Виктор усмехнулся с оттенком горечи.
— А я на радостях поначалу этого и не заметил, думал — золотую рыбку поймал.
— Жаль, — сказал Ким. — Очень жаль…
— А теперь смотри сюда…
Виктор встал за спиной коллеги и указательным пальцем ткнул в какую-то строчку текста, а потом в штемпель на внешней стороне конверта.
— Что же из этого следует? — сначала не понял Ким.
— А то, что если инициалы верны, то-о-о…
— Думаешь найти?
— Уверен на девяносто девять.
Зам отсека развел руками, выражая таким образом свое восхищение.
— Ну, отец, если это получится, ты в порядке. Считай, что премия Союза журналистов у тебя в кармане.
— Да бог с ней, с премией, — отмахнулся Смирницкий. — Тьфу, тьфу, тьфу… Материал бы сделать.
— Сделаешь, — убежденно тряхнул головой Ким. — Если найдешь — сделаешь. Верь моему глазу!
— Глазу, — широко улыбнувшись, протянул специальный корреспондент. — Твоими бы устами…
— Не надо! — шутливо перебил Ким, загораживаясь двумя ладонями. — Сам знаю, что пить. Ты лучше иди к шефу. Расскажи и покажи то, что мне, — загорится, как спичка…
Но шеф не загорелся, его пришлось убеждать. Достаточно молодой для поста главного редактора — пятьдесят только через два года, — он сам был опытным журналистом, да и сейчас еще, несмотря на загруженность, иной раз позволял себе выкроить время и блеснуть былым мастерством. Но в основном он занимался тем, чем и обязан заниматься главный редактор, — держал в руках рычаги творческих, административных и, это может показаться странным, хозяйственных сил редакции. И еще был политиком. И еще — дипломатом. Нет, что ни говори, главным редакторам не позавидуешь…
Этот главный редактор, конечно, видел всю перспективность темы, предложенной Смирницким, но в связи с отсутствием адресата тема повисла в воздухе.
— Шеф, — горячился Виктор, — но вы поймите; это же как дважды два. Посмотрите на карту…
Смирницкий подошел к огромной карте страны.
— Вот здесь, здесь и здесь… Совершенно ясно! У меня, например, это никаких сомнений не вызывает.
Главный редактор смотрел на карту, но думал о другом. Он в душе давно уже понял, что игра стоит свеч, даже если результат будет отрицательным. Рисковать надо. Но… ему не хотелось в ближайшее время отпускать Смирницкого в командировку — ни на север, ни на юг, никуда.

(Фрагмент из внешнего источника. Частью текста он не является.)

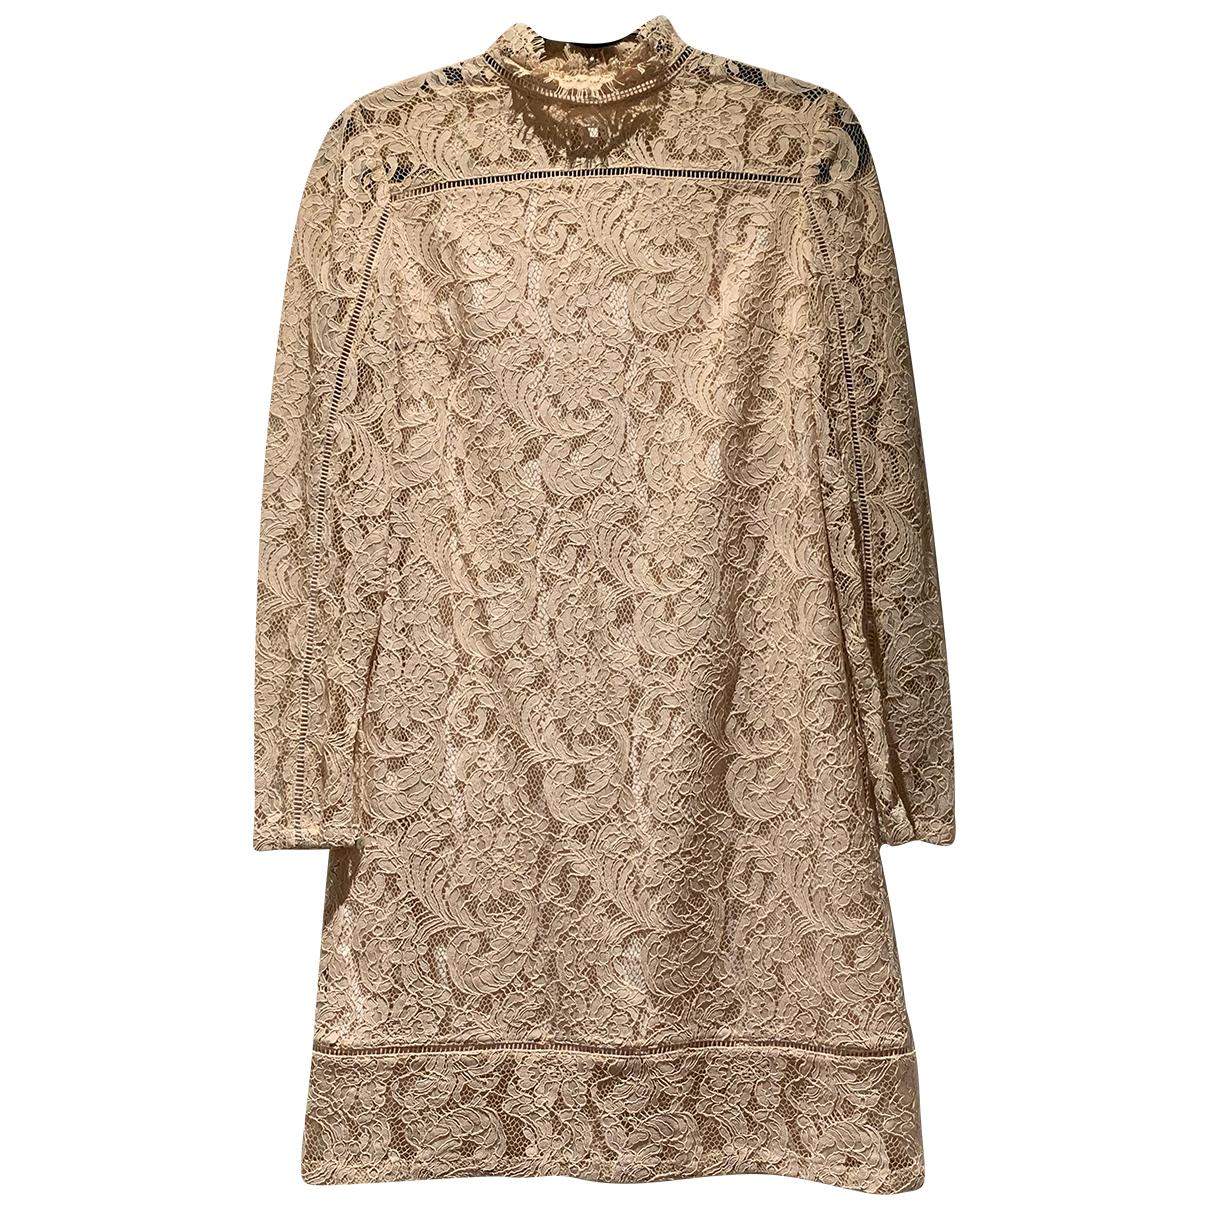 Reiss N Pink Lace dress for Women 10 UK

Тому была своя причина, весьма благородного свойства, и обреталась она в этической, а точнее, в нравственной сфере… Но об этом потом.
— Вот эти точки на карте. Вы меня слышите, шеф?
— Да, да… Но так, Виктор Михайлович, вы можете проехать полстраны. Причем с многочисленными остановками. Не накладно ли для газеты?
— Для нашей-то?! Вы лучше подумайте, шеф, сколько читателей привлечет к нам этот материал. Это же будет целая гора писем. Поток…
— А если все-таки не найдете адресата?
Смирницкий на секунду задумался.
— Ну, тогда пропадай мое честное имя! Сделаю материал по анонимке. Да еще оттуда что-нибудь привезу — репортажик, зарисовочку… Пару информашек по телефону передам. В общем, не пропадут редакционные денежки. Не волнуйтесь.
— Честно говоря, Виктор Михайлович, вы меня не убедили. Все-таки эта затея попахивает авантюризмом.
Смирницкий прошелся по кабинету, лицо его стало непроницаемым, губы жестко сомкнулись.
— Знаете что, шеф? Мне действительно не нужна командировка. Я могу поехать и на свои. Дайте мне отпуск.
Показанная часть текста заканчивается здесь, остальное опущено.